Magic Mountain, the archeological site being studied by archeologists is located on land that was previously owned by an amusement park has been excavated since the 1950s.

It is thought that nomadic hunter-gatherers had lived and camped at the site for around five thousand years.

“It’s a great place to be in the winter. You have water. Their animals congregated there. It’s not too high and it’s not too low. It’s kind of the Goldilocks spot of the Front Range,” says archeologist Mark Mitchell, the director at a non-profit, the Paleocultural Research Group, that is collaborating with the Denver Museum of Nature and Science.

But then, in the summer of 2017, they decided to dig a bit deeper.

They excavated more than seven feet underground.

“We dug really deep to try and see if we could get back to some of the earlier remains in the site,” explains Michele Koons, curator of archaeology with the Denver Museum of Nature and Science.

After having excavated the ground the size of a windshield, they found a number of curious items.

“And in there we found some animal bones and some chipped stone from making stone tools,” added Koons.

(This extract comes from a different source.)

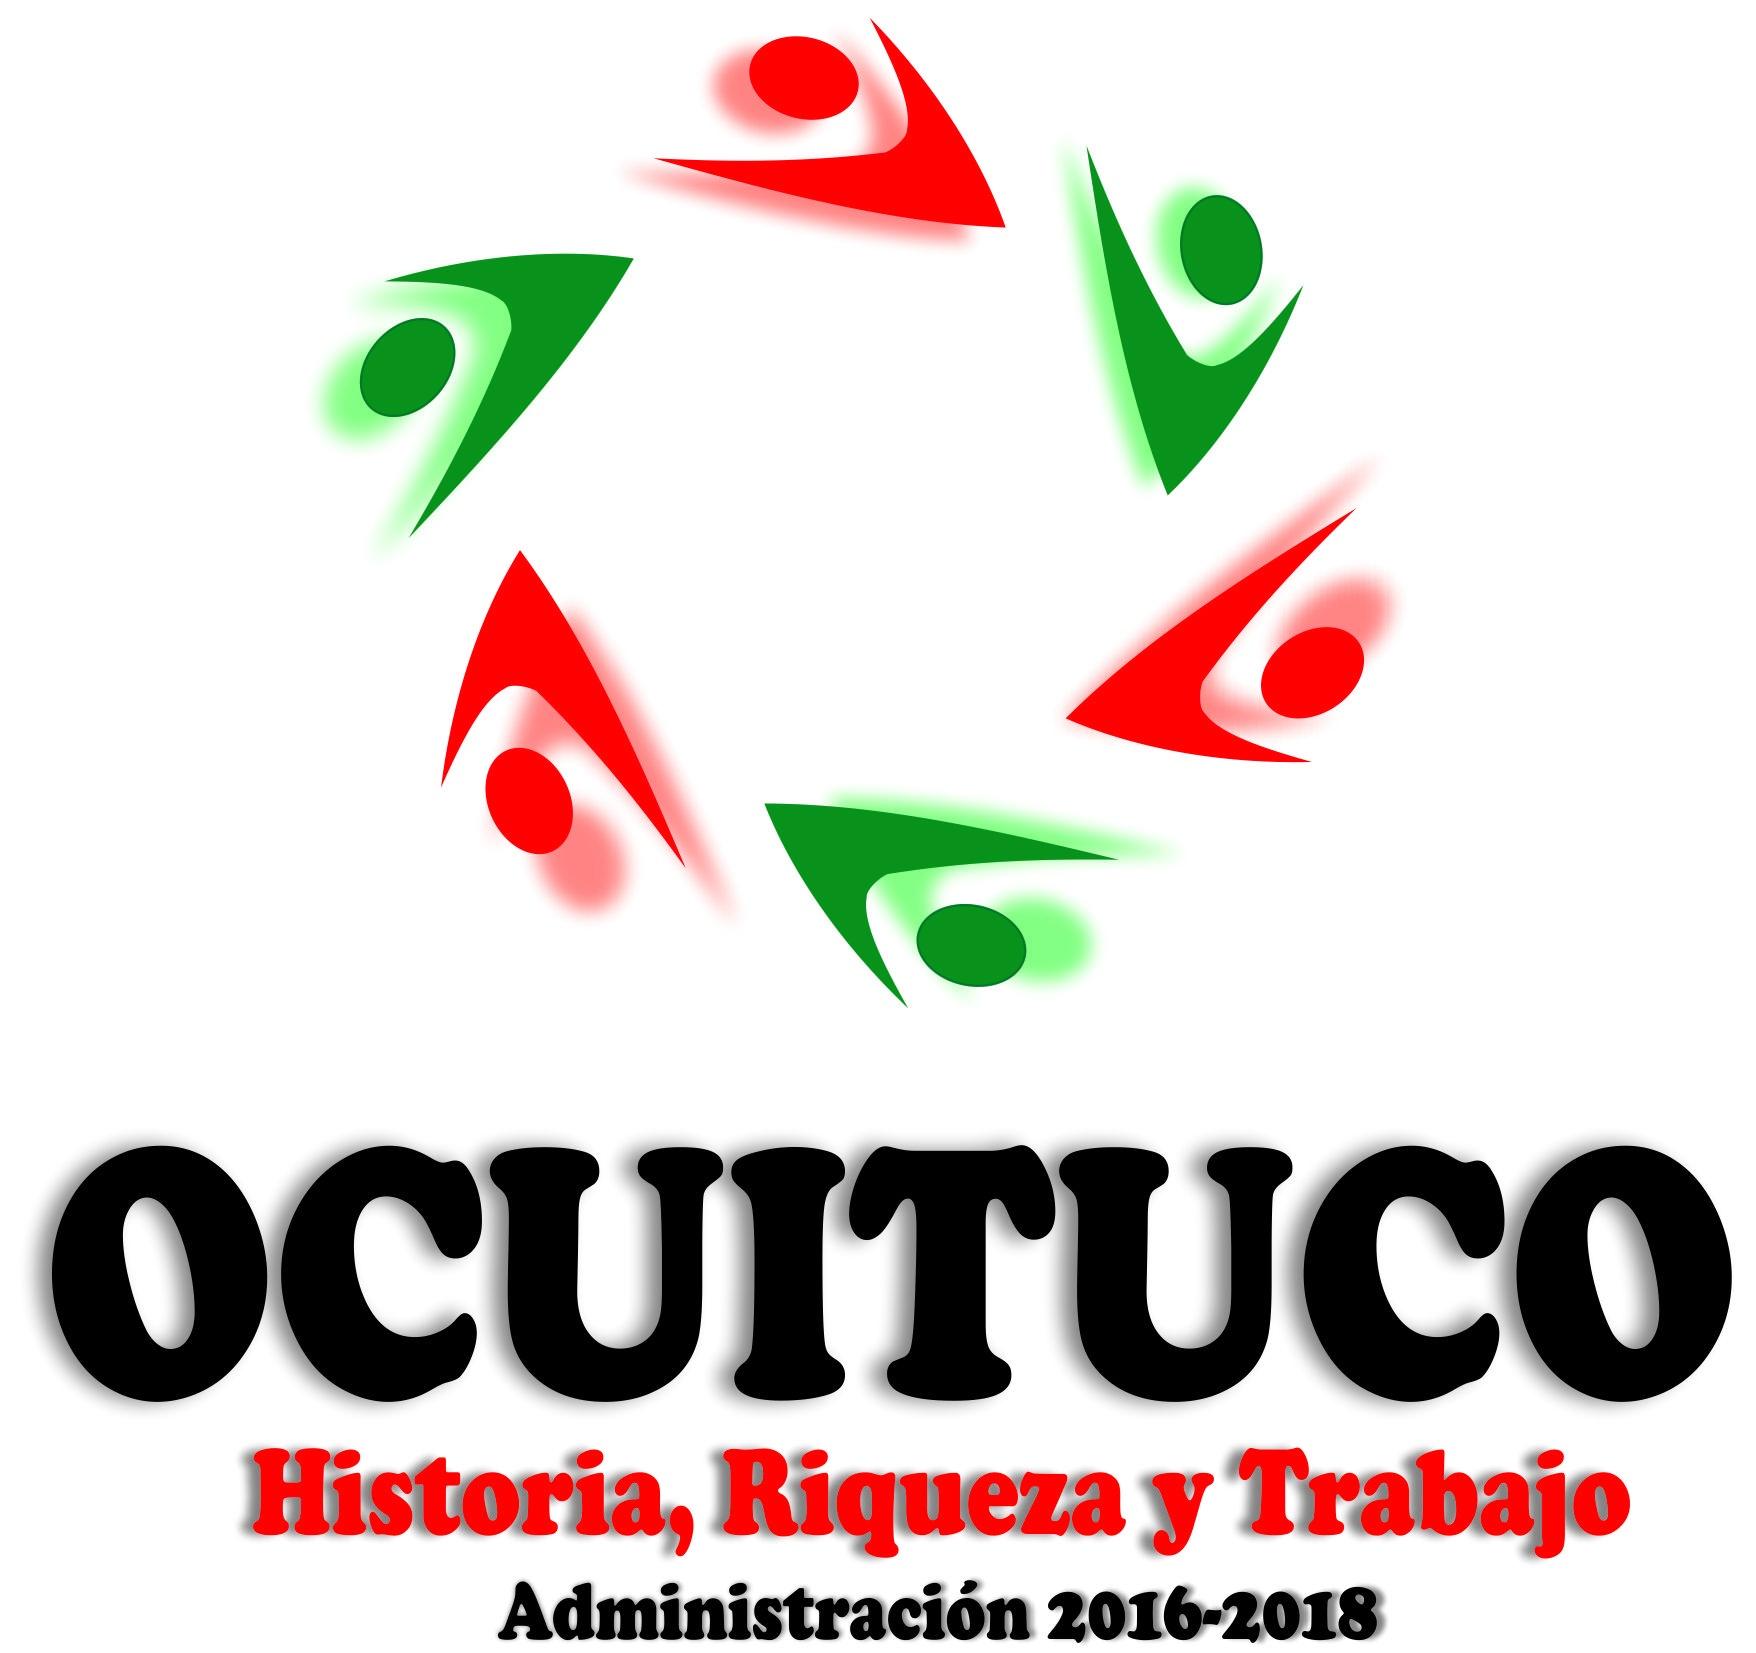 https://0201.nccdn.net/1_2/000/000/182/1e6/Logo-ocuituco-1756x1653.jpg

Radiocarbon dating has shown that the soil layer that contained the artifacts is at least 9,000 years old.

“So we know that people were there during that particular time period and they were probably eating, butchering and cooking those animals and making the stone tools in that particular location,” explains Koons.

To verify their discovery, Koons and her colleagues will submit their findings to a scientific journal in the coming months.

“We have very few opportunities to see dirt that’s that old and that’s sort of the mantra among archaeologists who are interested in an early occupation in North America,” said Mitchell.

“You’ve got to find the old dirt, and it’s hard to find because it’s either been eroded away or it’s buried.”

While 9,000 years is certainly a nice number, it’s not the evidence of the oldest human occupation in America, as archaeologists have uncovered traces of occupation dating back more than 14,000 years.